Every library in the set has videos and blogs covering the beginner introductions. Sometimes, they are linked on the main documentation site (and hence have an air of approval from the authors). In many cases, these introductions are better than the tutorials provided by the library authors. So I’m not considering those. However, I do think a strong community is important for any library. First off, is there a place where developers can ask questions and get answers? GitHub discussions, Gitter, or Discord is common. Secondly, is there a more in-depth training course for the library? I love FreeCodeCamp, but PluralSight, UDemy, Egghead, and others are all in the mix here. Paid courses are a mechanism by which the authors can share their knowledge and get paid to continue investing in the library. Finally, does the documentation set highlight the community contributions? It should!
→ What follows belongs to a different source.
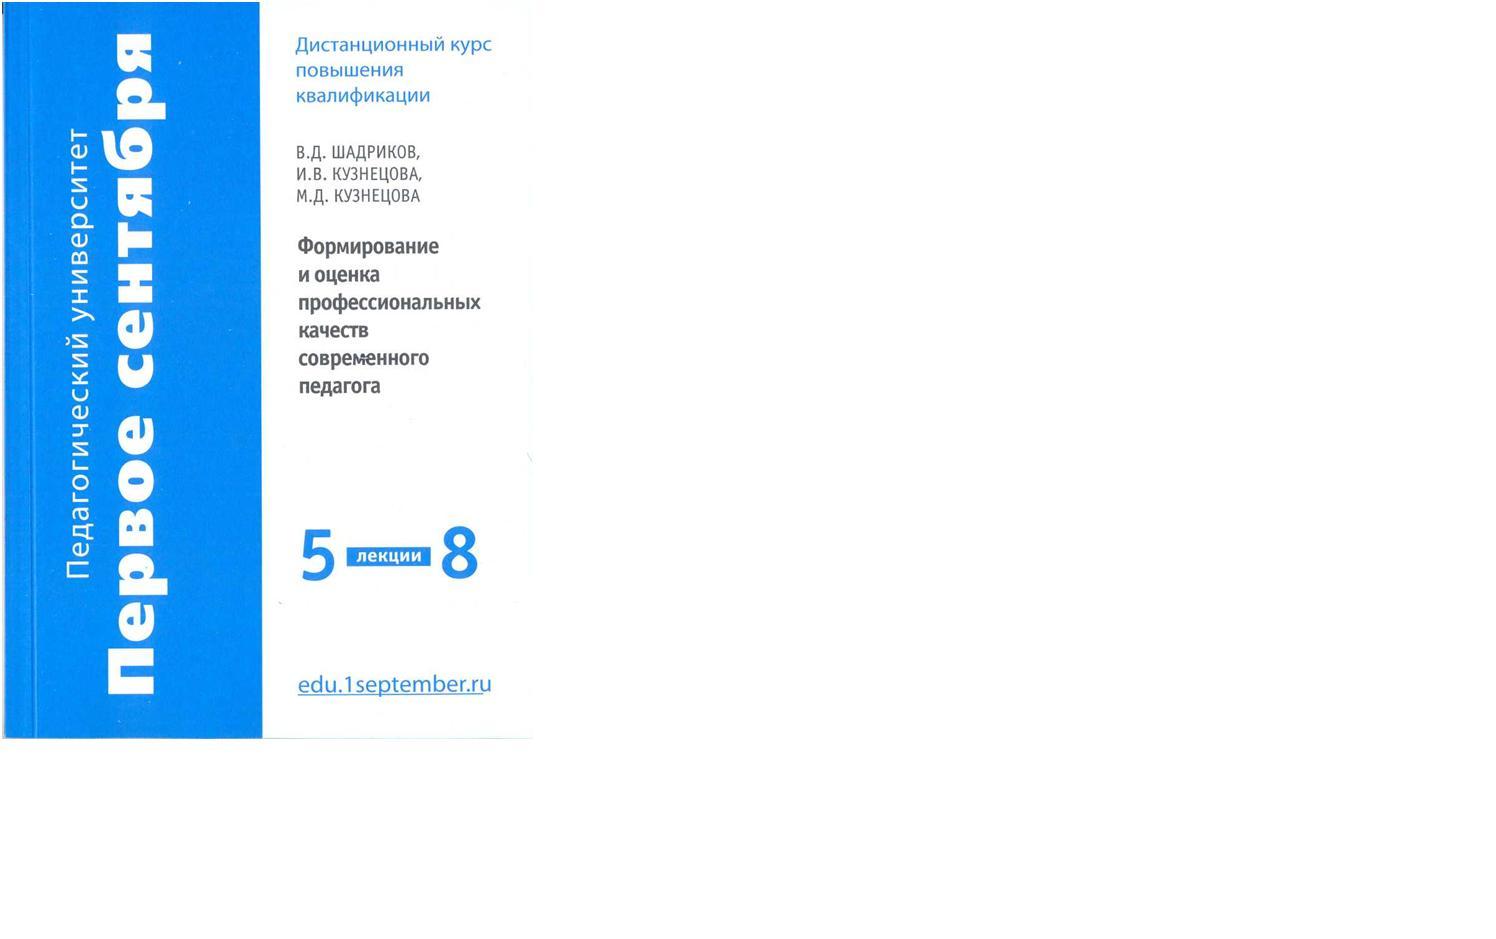 Формирование и оценка профессиональных качеств современного педагога: лекции 5-8

Pro tip: Look for “github.com awesome-_libraryname_” on Google. Lots of libraries have a community member that maintains a list of good resources for a library.

So, who has the best community resources? Unsurprisingly, the libraries that have been around the longest are also best at community engagement. Redux Toolkit and MobX have figured it out and have strong communities. Of the rest, Recoil does a great job. The rest are just learning and expanding. No-one does a particularly bad job here. It’s a case of the age of the library in a lot of cases.

Final thoughts

So, what would I recommend?

  • For large or more complex applications, use Redux Toolkit or Mobx depending on your mental model preference (reducers vs. observables).

  • For smaller projects, use useContext - there is no need for complex libraries.

  • If you want to learn something new in a new project, take a look at Jotai.

If you want to do your own weightings for the things that are important to you, check out the Excel spreadsheet that I used for this post.